Some states, including New Mexico, Iowa and Louisiana, don't regularly collect information at all.
Bruno Carrara, general manager for the Pipeline Safety Bureau at the New Mexico Public Regulation Commission, said emergency workers and response teams "can go on the national system and look at maps."
And in cases in which the pipeline is not in the federal database, emergency responders need to know what company to call and where the pipeline is, Carrara said.
Texas subscribes to the same policy, even though the San Jacinto River incident, which spilled gasoline, diesel, natural gas and crude oil into the river and later was set on fire by a house gas heater, raised questions about how well-versed first responders were on pipeline locations. The fire burned for days, and nearly 600 people were sent to local hospitals with burns and other injuries. Soon afterward, the Port of Houston Authority stiffened its licensing requirements for pipelines crossing navigable waterways, requiring companies to submit maps based on where the pipeline was built.
"All I can say is that we have not had any issues with our first responders. We have not had anyone say that what we provided them has not been adequate for their needs," said Mary McDaniel, director of the Texas Railroad Commission's safety division.
However, McDaniel acknowledged that Texas' maps are not accurate enough to locate the exact position of a line for construction, for example.
Accuracy often comes down to how well the company operating the line does its mapping. Some use sophisticated software; others have pipes hand-drawn with marker across nothing much more than a road map.
Steve Williams' home in Scotlandville, a working-class, black neighborhood north of Baton Rouge, sits on the shoulder of a pipeline superhighway. Nine Exxon pipeline posts, carrying a laboratory's worth of chemicals, are lined up single-file along his chain-link fence.
Where orange and yellow lilies once grew, all that's left is a grass-covered hump. Beneath it, a ridge of cement covers the pipes.
There could be as many as 20 in all, based on maps of the area. But the network is so dense here that Paulsell couldn't separate one from another when he mapped Baton Rouge Parish in 1991. The marker posts don't help, either, because their order changes across the street.

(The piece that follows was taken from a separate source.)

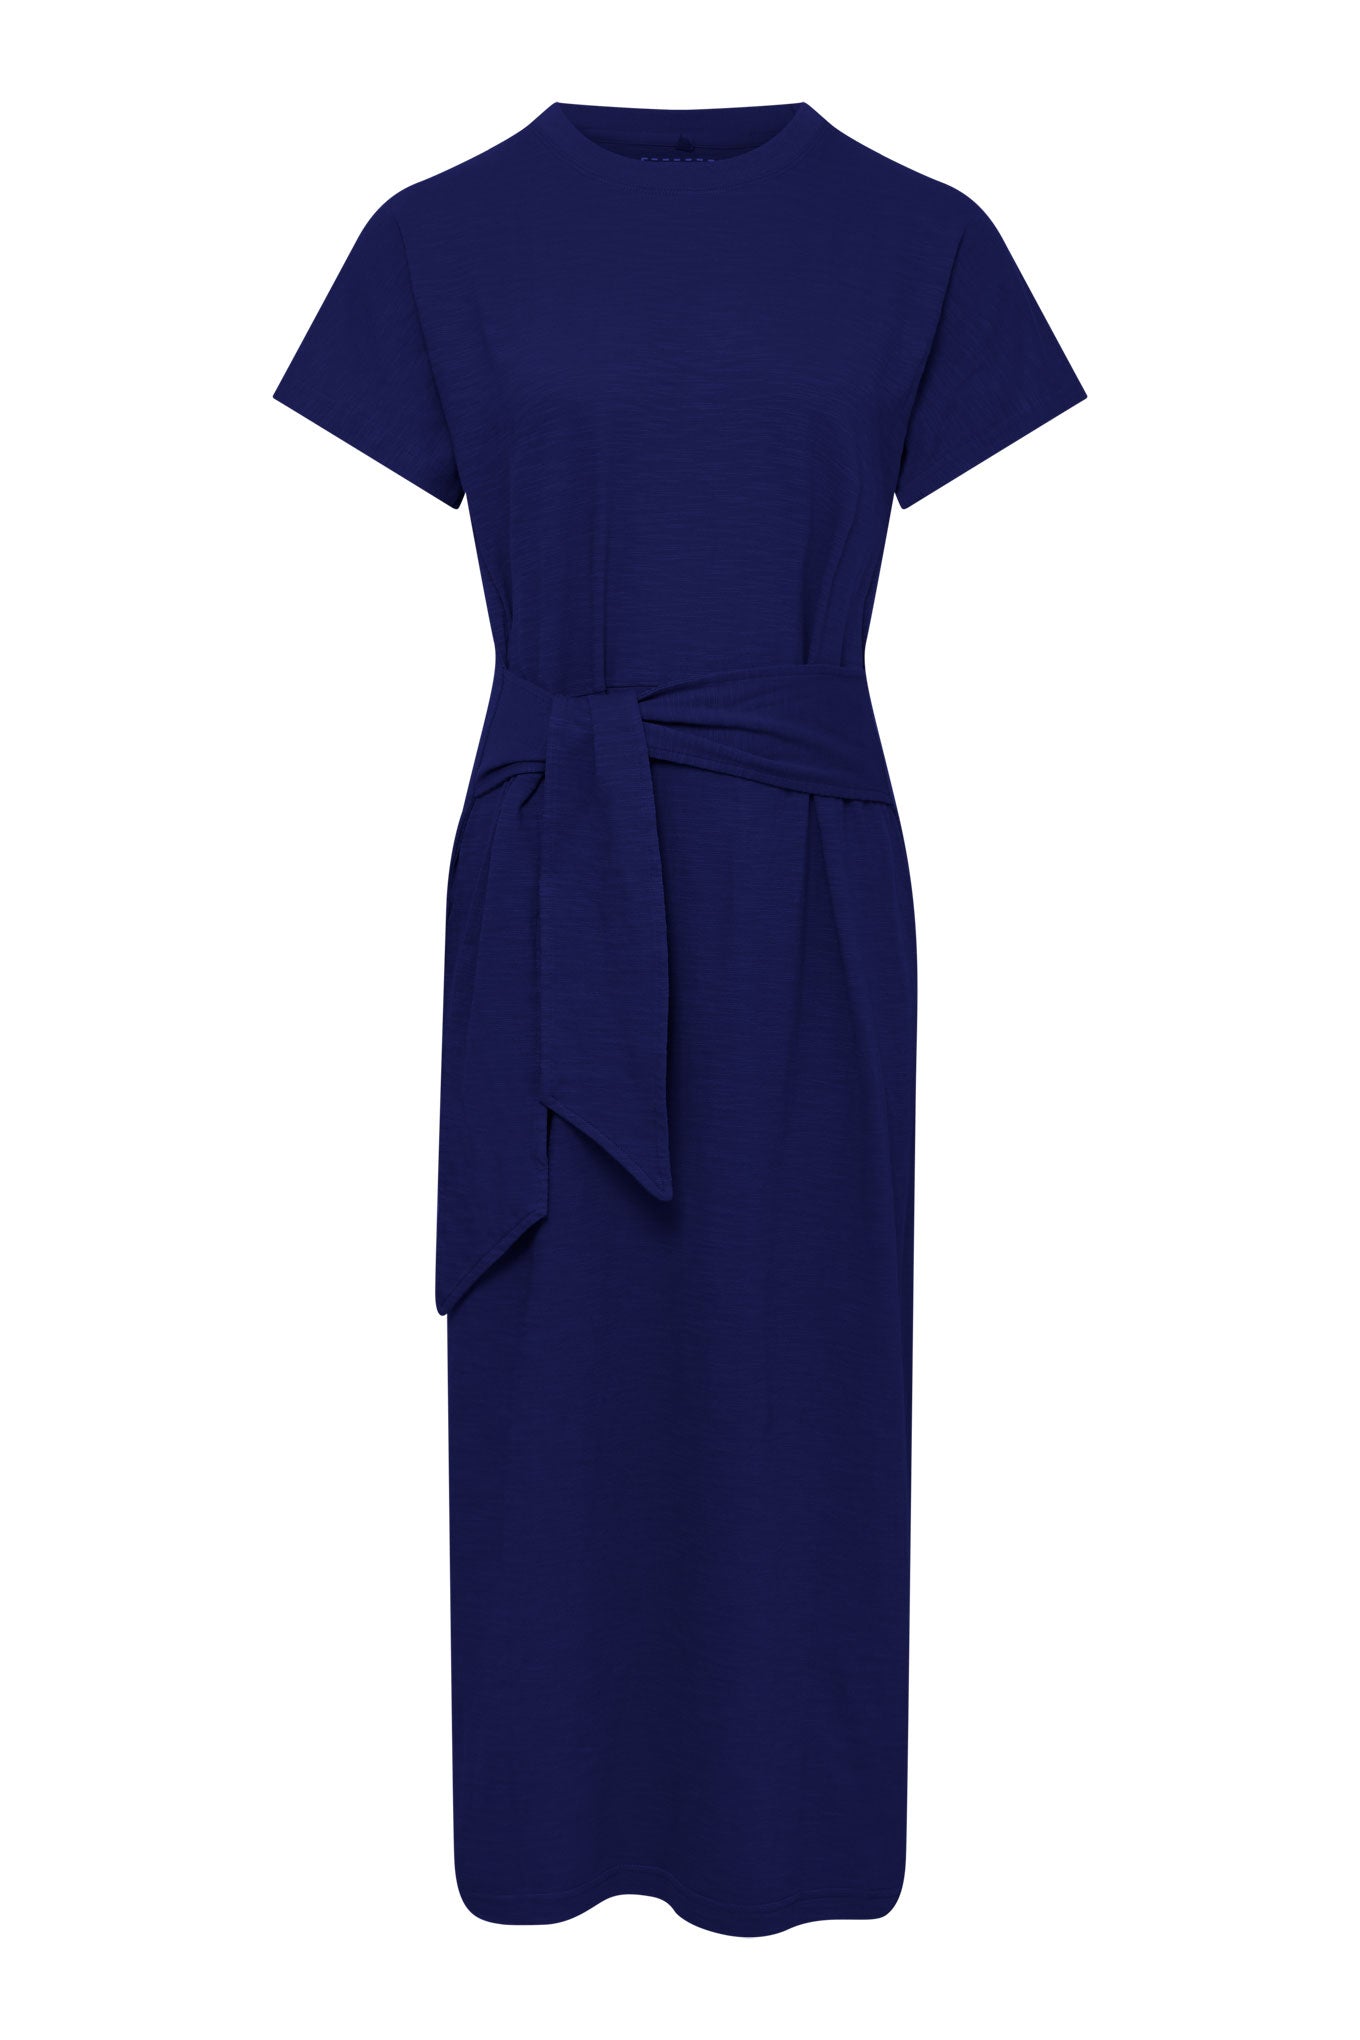 Shop Komodo Women's Blue Fonda - Gots Organic Cotton Dress Navy

"These pipes shouldn't be near someone's home. There is somewhere else they could be," said Edith Williams Pride, Williams' daughter. The oil companies "are doing quite well, and they will always want to find the cheapest land, so they come to black communities."

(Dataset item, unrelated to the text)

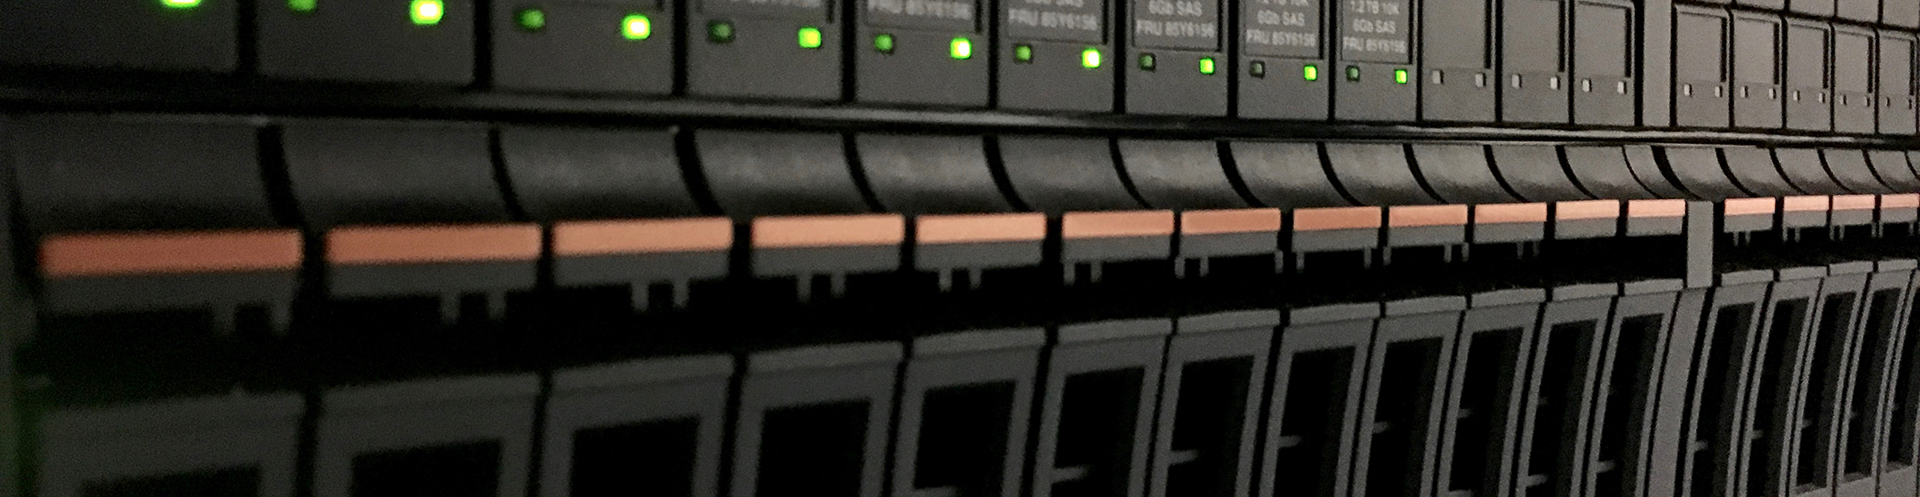 image of computer front bezel

In Louisiana, the hope is to map the location of all of the state's pipelines within a margin of error of 50 feet or less.
"It behooves us to know where those pipelines are, in case there is a rupture," said Davis, who works for the state oil-spill office. "We need to know what is in close proximity so we can respond responsibly."

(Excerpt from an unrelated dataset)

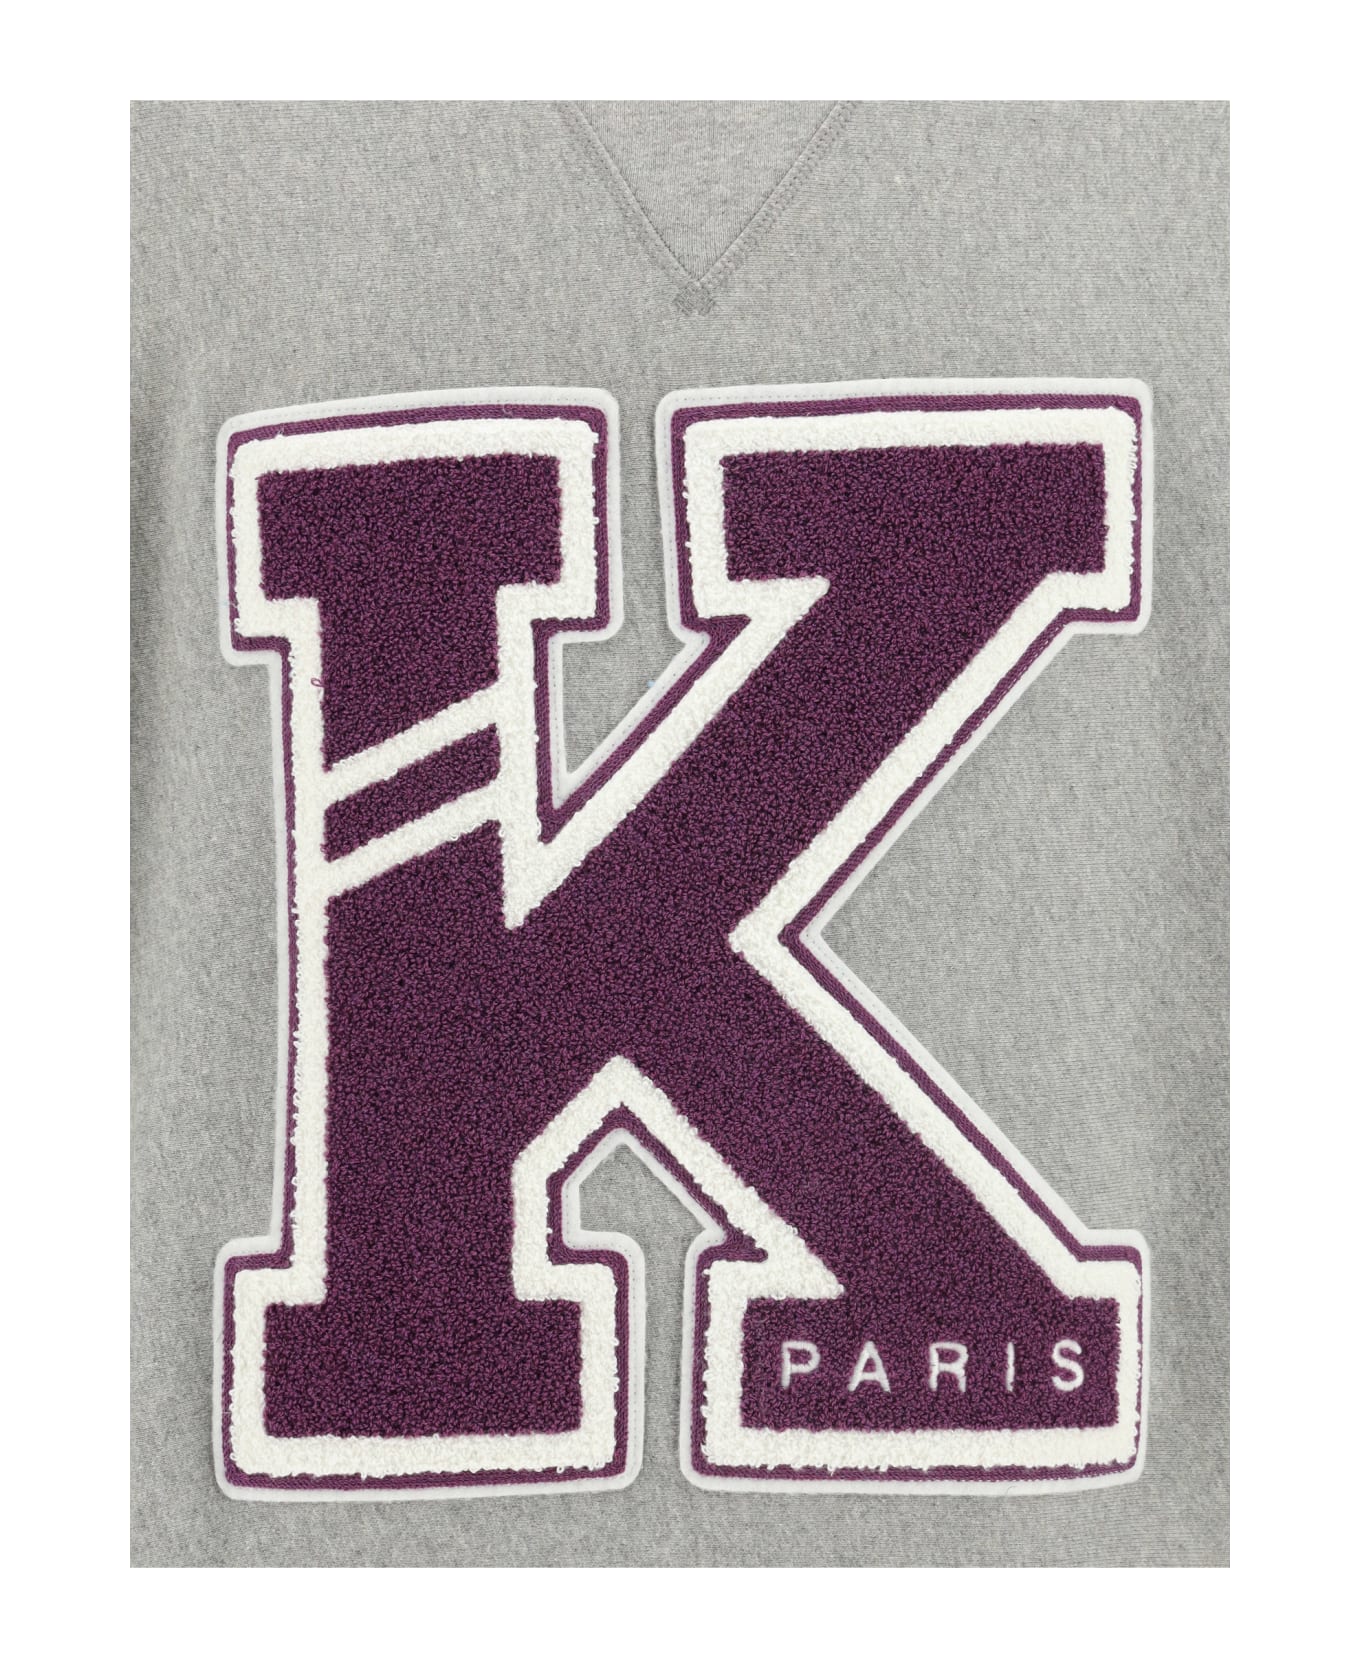 Kenzo Cotton Varsity Sweatshirt - grey フリース

"It's fundamentally in our interest to have people know where pipelines are," said Ben Cooper, a spokesman for the Association of Oil Pipelines, a consortium of the nation's major pipeline operators.
Paulsell and Snead are doing their small part in Louisiana, where so far they have mapped all the major rivers and parts of 15 of 64 parishes, despite little cooperation from pipeline companies.
That summer morning on the Calcasieu River, they mapped 20 miles. Along the way, they would float over 25 pipelines buried deep within the river's muck. In three cases, they found pipelines not marked on any map. In one case, they could not find a pipeline even though it appeared on the map.
Their search took them to reaches of the river so dark and shallow that they debated whether to forge ahead.
"We're at the end of the river. Let's go home," Paulsell said. "This is not navigable."
"Yeah it is, just go up and get the next pipeline," Snead replied.
Finally, they hit a dead end.
But somewhere ahead, beneath the coffee-colored water, among the palms and tangled mass of the Louisiana swamp was another pipeline — or so the map said.